Illusions of the Gold Standard: A Large-scale Analysis of Human Evaluation Protocols for Long-form Text Generation

arXiv:2606.07936v1 Announce Type: cross Abstract: Human evaluation plays a critical role in assessing the quality of generated text. However, the reliability and reproducibility of these evaluations depend on transparent and well-documented protocols -- details that are frequently missing in current practice. In this work, we conduct a large-scale analysis of human evaluation protocols for evaluating long-form generation tasks in *CL conference publications from 2023--2025, including a full manual review of 284 papers and LLM-assisted analysis for another 1.8k+ papers.

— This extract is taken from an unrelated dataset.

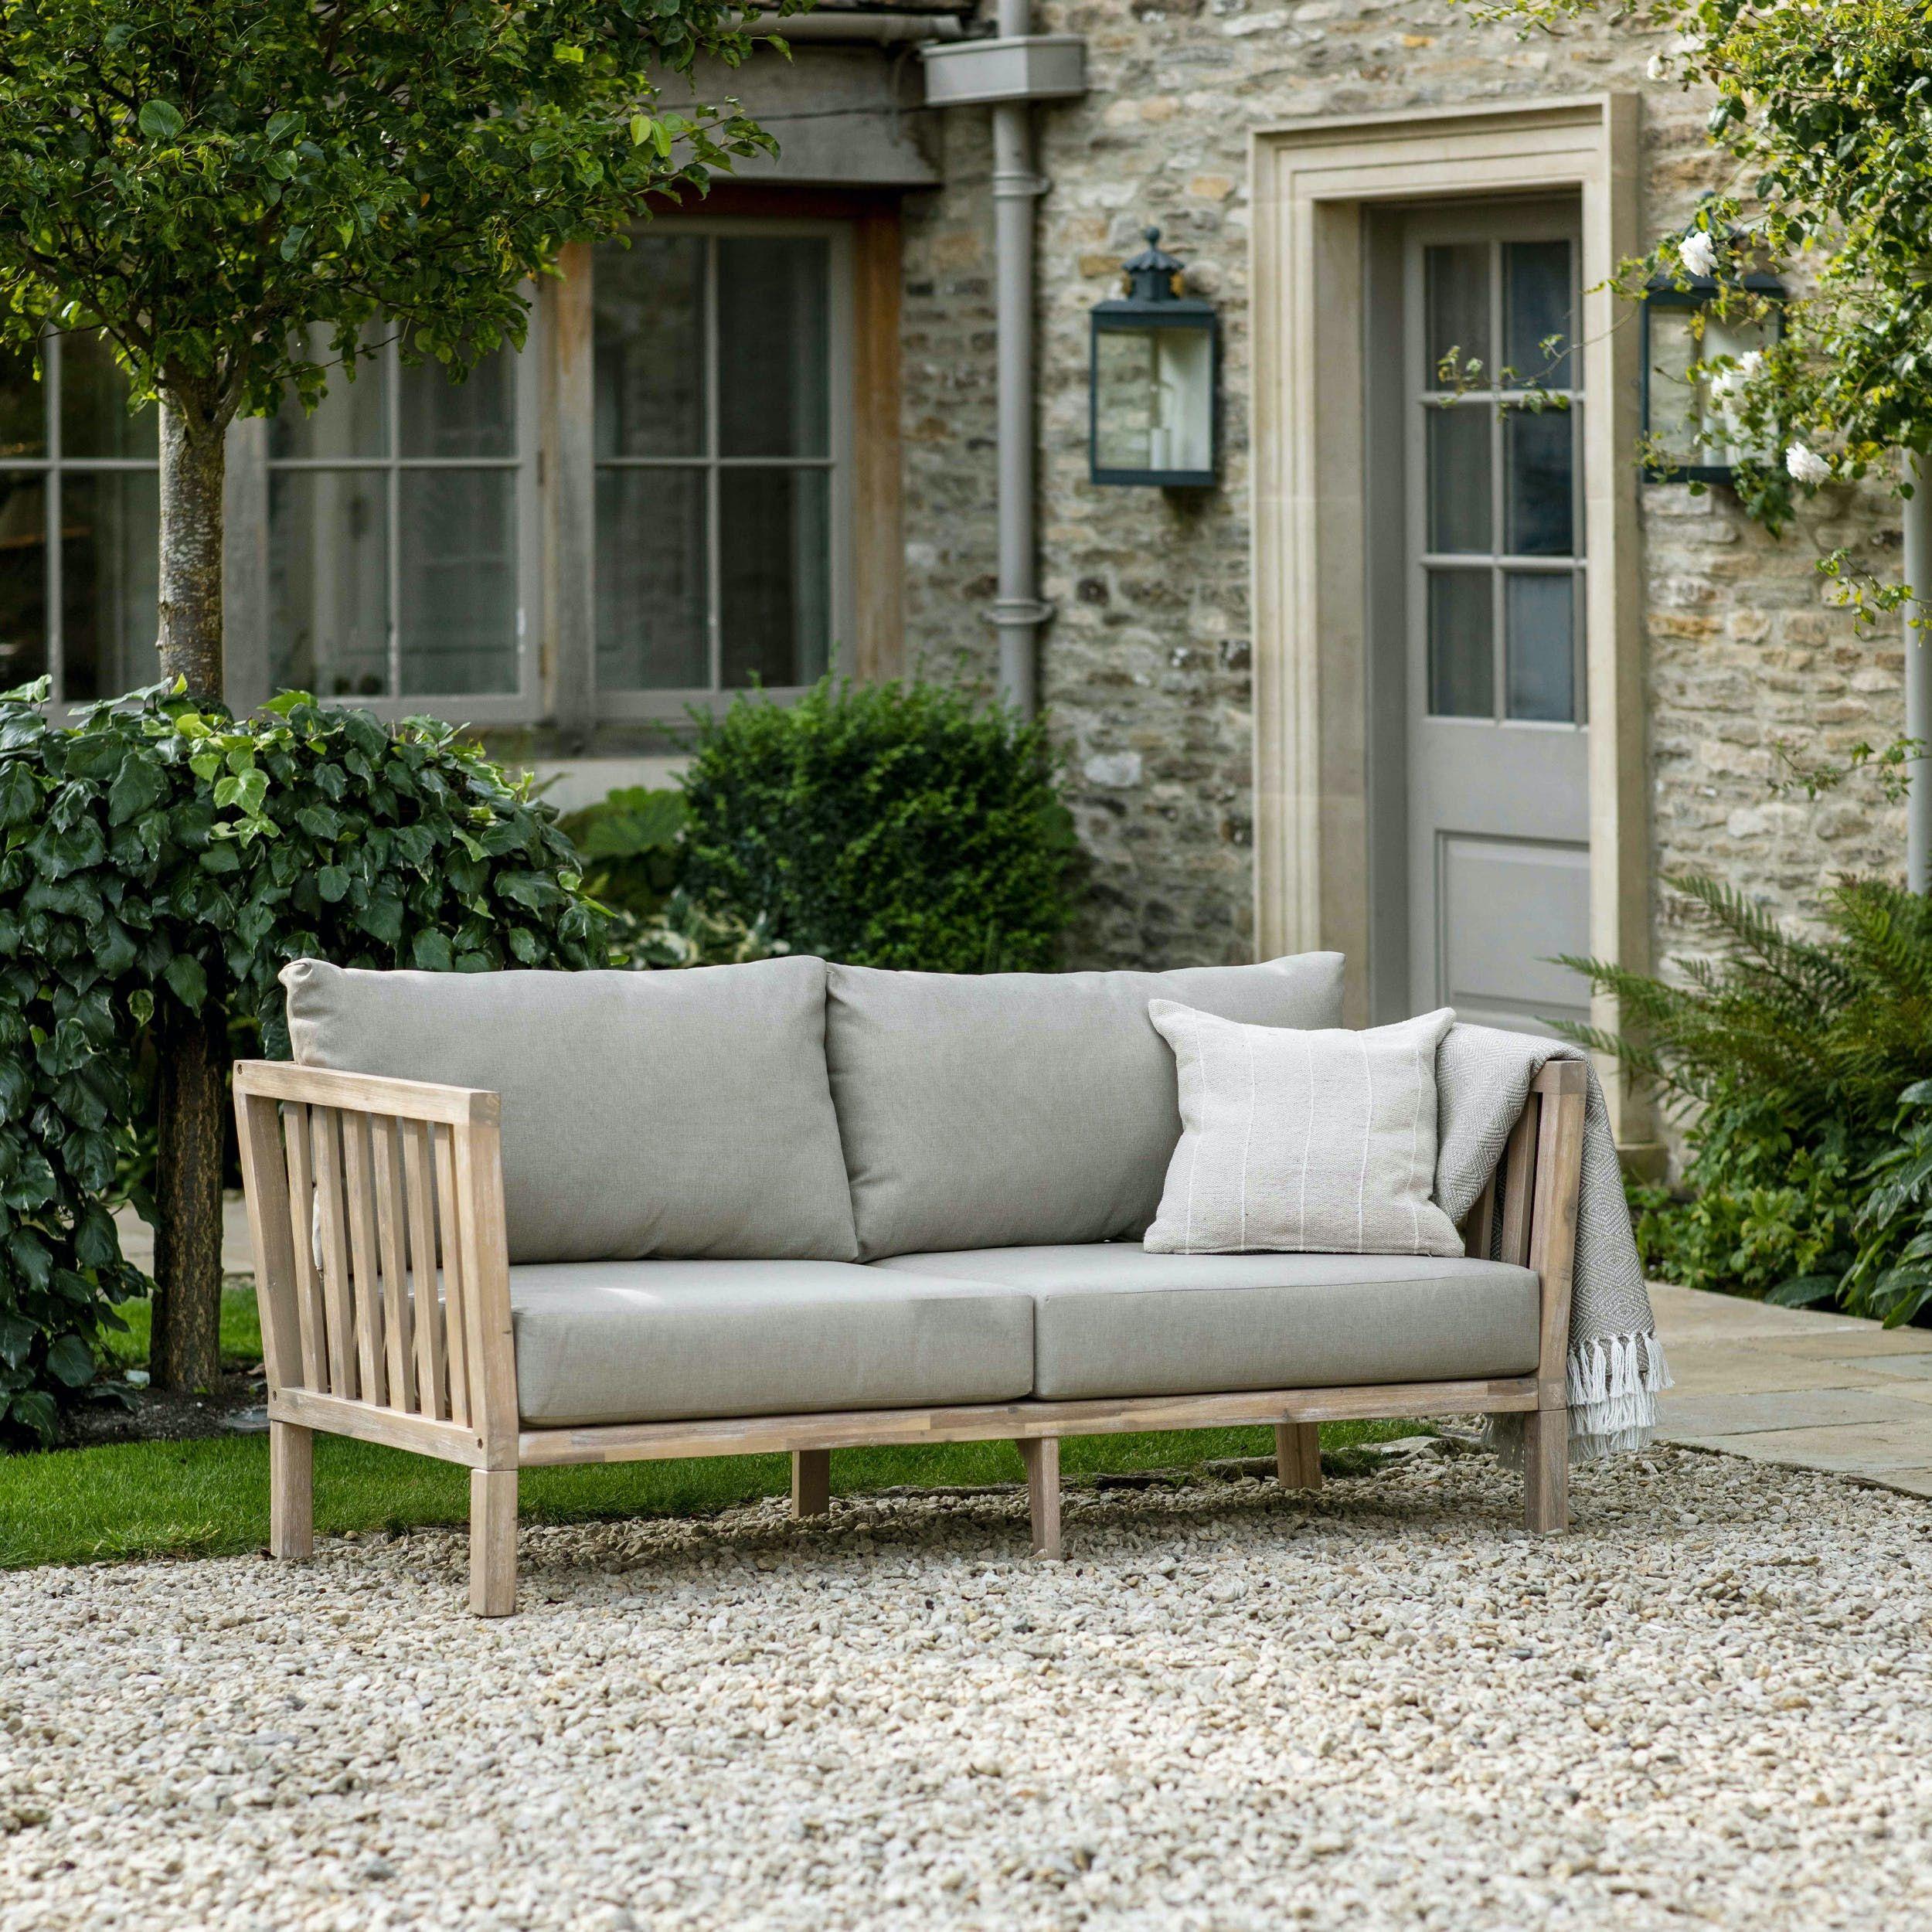 Porthallow 8 Seater Sofa in 8080  Outdoor sofa, Garden sofa

We define a set of 20 re
This large-scale analysis addresses a critical and growing need for reliable human evaluation in the rapidly expanding field of long-form text generation, especially as AI models become more sophisticated.
Reliable evaluation protocols are fundamental to the progress and trustworthiness of AI in generating complex text, directly impacting the development and adoption of AI agents and applications.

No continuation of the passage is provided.